Saturday, 20 December 2025

Willie schools Chong: FTES was never designed as a blanket subsidy

KUCHING, Dec 20 25: Puncak Borneo federal lawmaker Willie Mongin schooled his Stampin counterpart, Chong Chieng Jen on the Free Tertiary Education Scheme (FTES) that will be implemented next year.

Willie Mongin: Supporting Swinburne, Curtin, UTS and i-CATS is not discrimination, it is state capacity building

He said Chong's media statement conflates equity with uniformity and overlooks the constitutional, financial, and policy rationale behind the scheme.

Firstly, FTES was never designed as a blanket subsidy for all tertiary education pathways,” he said, addinhg that it is a strategic state policy aimed at strengthening Sarawak’s own higher education ecosystem by investing in state-owned universities, over which the Sarawak government has governance, accountability, and long-term development responsibility.

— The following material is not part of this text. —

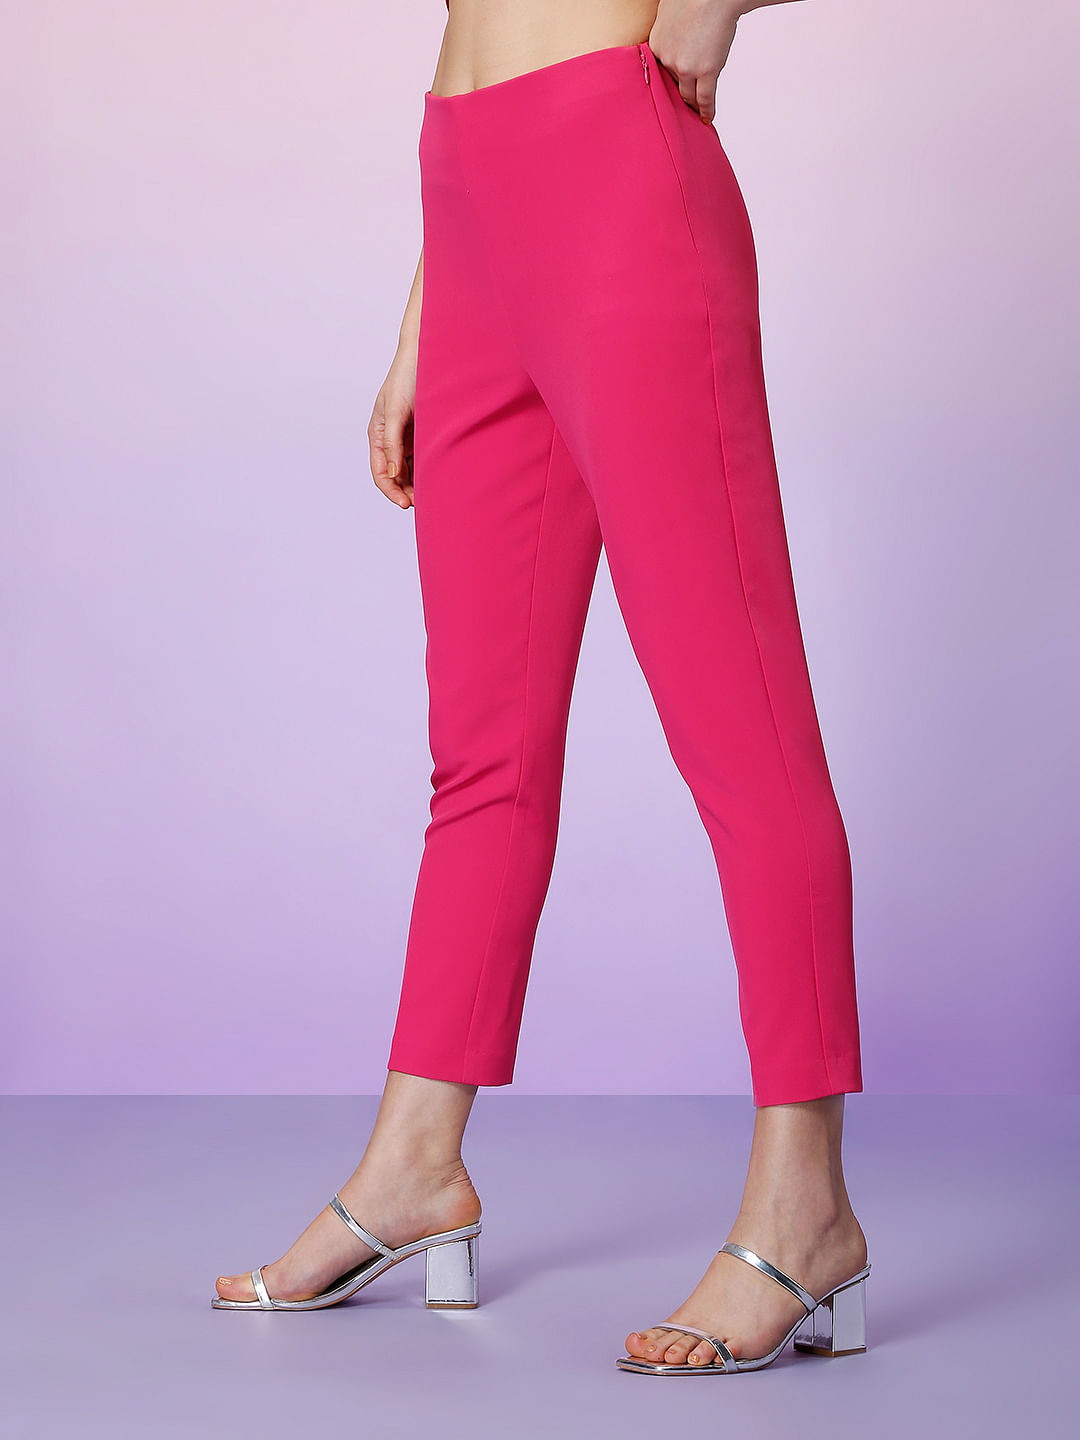 Biba | Julien Macdonald Tailored Trousers | Pink | House of Fraser

Supporting Swinburne, Curtin, UTS and i-CATS is not discrimination, it is state capacity building,” Willie, said in a statement, referring to Swinburne University of Technology, campus, Curtin University of Technology, Miri campus, University of Technology Sarawak and I-CATS University  College.

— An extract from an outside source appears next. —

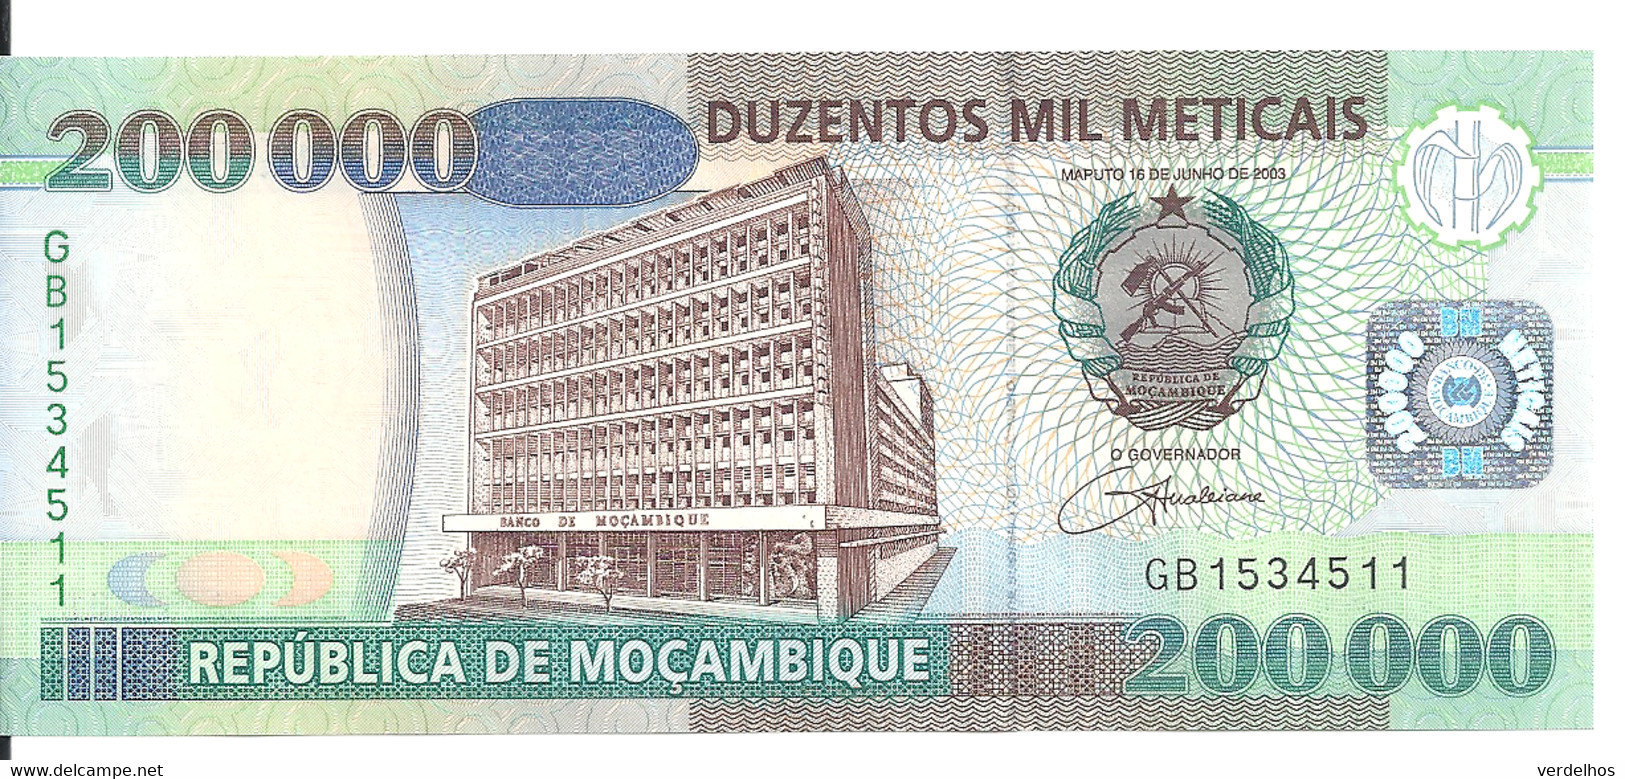 MOZAMBIQUE 200000 METICAIS 2003 UNC P 141 - Mozambique

He said public universities such as UNIMAS, UiTM, UM, USM and UKM fall squarely under federal jurisdiction, adding that theirr tuition fees are already heavily subsidised (around 90%) by the federal government, using national funds contributed by all Malaysians.

To now demand Sarawak to additionally absorb the remaining balance effectively means double funding by the state, which is neither fiscally prudent nor constitutionally intended.

“If Chong believes further assistance is required, the appropriate avenue is to lobby the federal government, not shift responsibility to the state,” he said.

Willie stressed that private universities, especially overseas institutions are market-based choices with highly variable fees, saying that expecting Sarawak taxpayers to subsidise half or more of private and foreign tuition costs would be financially unsustainable and inequitable to lower-income families whose children remain within public or state institutions.

He added no state government anywhere can responsibly underwrite unlimited private education choices.

He said the claim that “the majority of Sarawakian students are left out” ignores the reality that Sarawak already provides multiple forms of assistance beyond FTES, including targeted aid, scholarships, and B40-specific support schemes.

FTES is one pillar, not the entire education support framework,” he stressed.

Willie said that the repeated slogan that “no Sarawakian should be left behind” must be interpreted within policy logic and fiscal reality, not political rhetoric.

He explained inclusion does not mean identical treatment regardless of jurisdiction, cost structure, or governance responsibility.

In fact, the GPS government should be commended for stepping in voluntarily despite education being a federal matter by providing free tertiary education within Sarawak-owned institutions,” he said, adding Gratitude is warranted, not politicisation.

Willie said if  Chong is sincere about helping Sarawakian students in federal and private universities, the principled course of action is clear: press the federal government to expand its funding and subsidies, instead of mischaracterising a state initiative that was never meant to replace federal responsibility.

If he can't solicit and secure funding from the federal government to help Sarawakian, then he is nothing but just demagogue and political opportunist,” Willie charged.